Dynamic Growth Phase
Changing the shaking frequency affects the dissolved oxygen (DO) content of the sample. A simple test set-up with stepwise increases in the shaking frequency over a period of two hours shows this clearly (Fig. 4). Starting at the base value of 100 rpm, the frequency is increased by 25 rpm every 15 minutes. After the maximum frequency of 300 rpm has been reached incubation is continued at 100 rpm. The shaking program started when the optical density gradient ΔOD reached 0.4. This ensured that the measurement series was in the region of exponential growth (Fig. 4). In order for the effect of the fill volume on the DO content to be determined in parallel, measurements were carried out on shake flasks (250 ml) with different fill volumes (12.5, 25 and 50 ml). The results for identical samples (n=3) were in good agreement. Each increase in shaking frequency (Fig. 3b) resulted in a considerable increase in the DO content. This was most pronounced in the samples with a fill volume of 50 ml and less so for lower fill volumes.
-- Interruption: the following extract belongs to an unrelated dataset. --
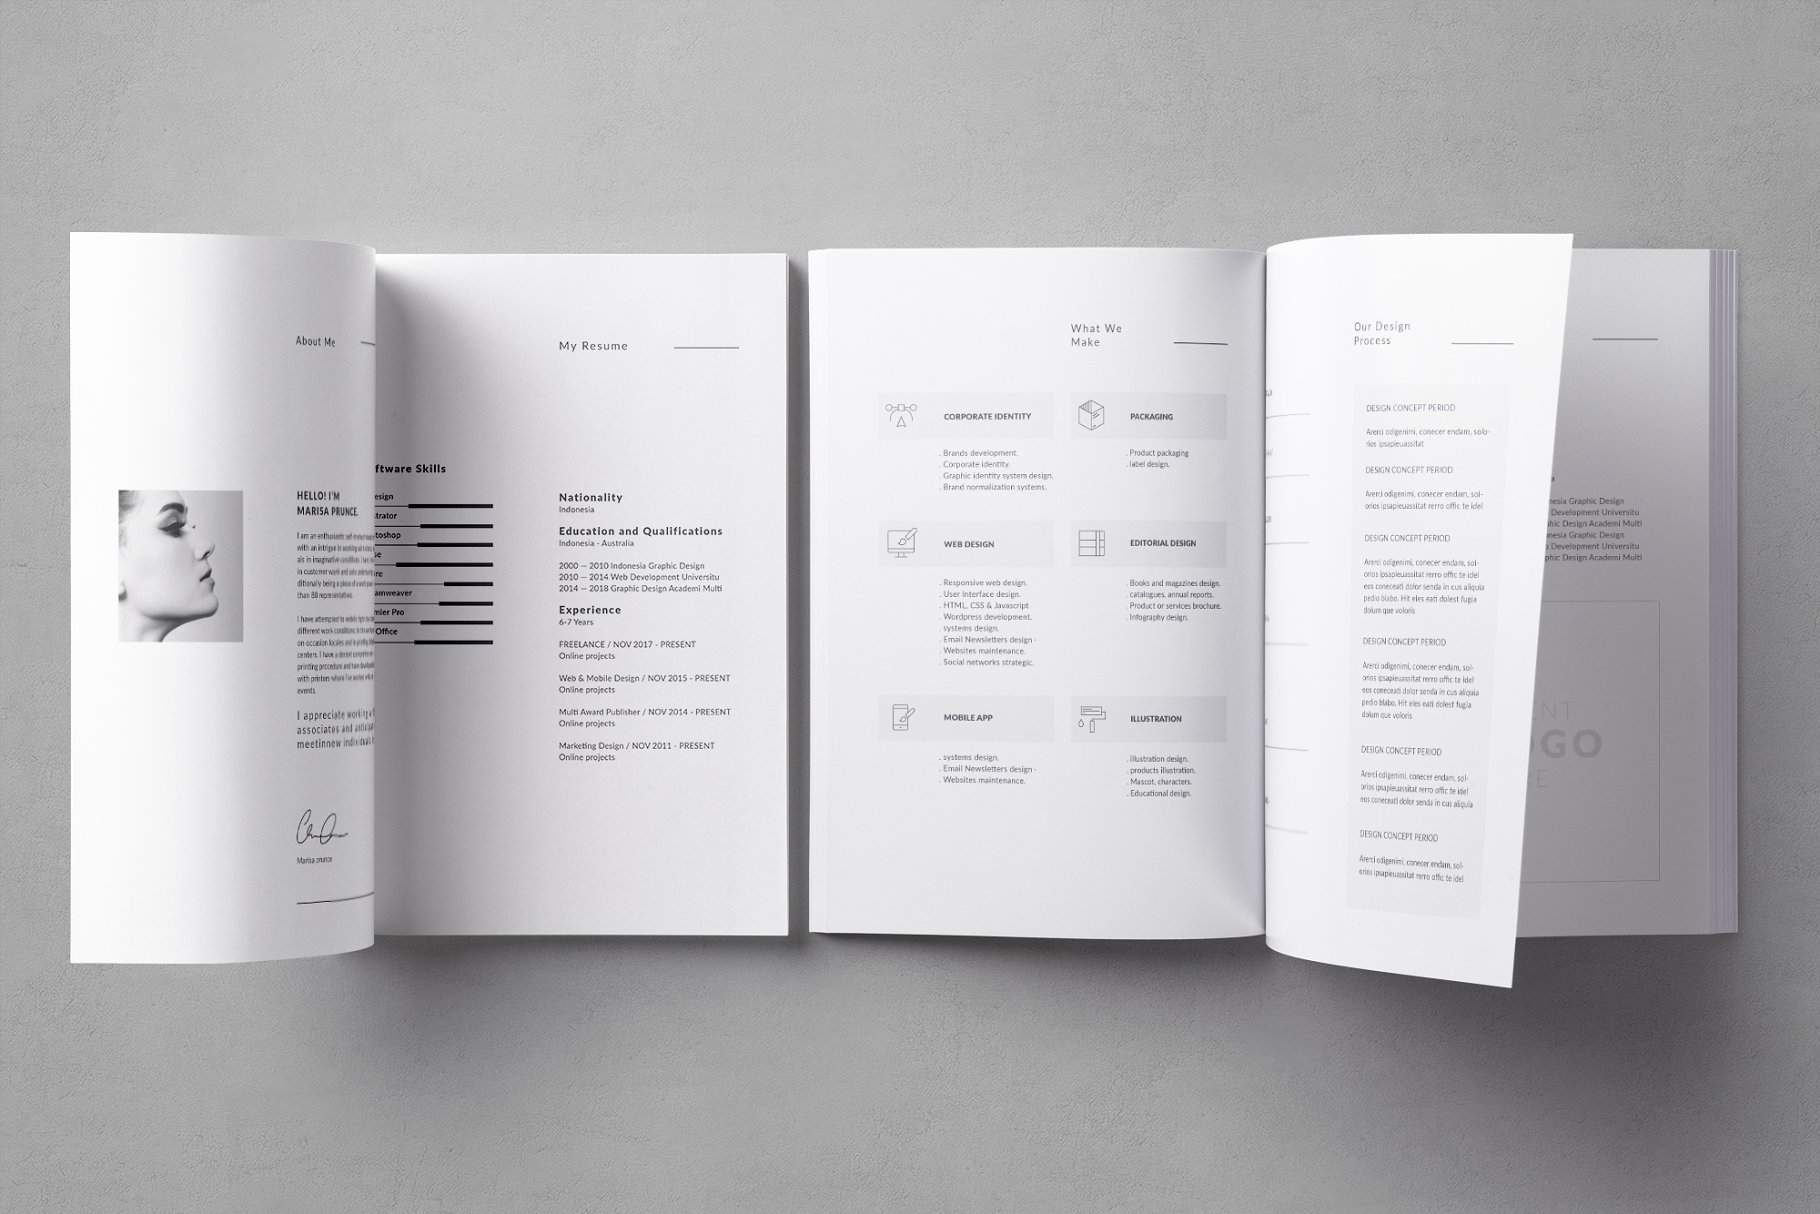 企业画册&产品手册模板 Portfolio插图(1)

After each increase in frequency the DO settled within a few minutes to a new higher level - however, only for a short time before dropping again. This can be attributed to the fact that a new equilibrium between the amount of oxygen input and the oxygen consumed by the culture was attained rapidly.
Improved Culture Process
The SFR system is an ideal tool for fast and non-contact determination of cell-specific oxygen metabolism. Reliable statements on changes in the DO of the culture over time can be made, even for long measurement series and high shaking frequencies. This applies in the same way to online measurement of the pH. For complicated culture tasks this monitoring function ensures maximum reliability and improves process efficiency. The pilot study carried out reveals the great potential and multitude of possible applications for online oxygen determination. The advantage lies in the fact that no system disturbances are needed for measurement. Thus, transfer of O2 to the cells is not interrupted. Transient anaerobic conditions can hence be avoided. Conclusions that can be used for further optimisation of the culture system - in terms of shaking frequency, sample volume, required culture duration, media composition, media changing times, optimum harvesting times and possibly also metabolically caused inhibition mechanisms in the culture through secondary products - can be drawn from the measurement data. The non-invasive measuring principle also has particular advantages for the culture of vertebrate cell lines. It reduces the risk of contamination. The SFR is an effective tool for low-cost development for new cell lines, reliable screening processes, media optimisation and preliminary tests within the framework of process scale-up.
1. Karin Benz and Jürgen Mollenhauer (2008) , Quality Assessment in 3D Cultures of Disc-Chondrocytes: Optosensoric Online Monitoring of Oxygen and pH Kinetics, BioProcess International Vol. 6 (11), pp. 54 - 59.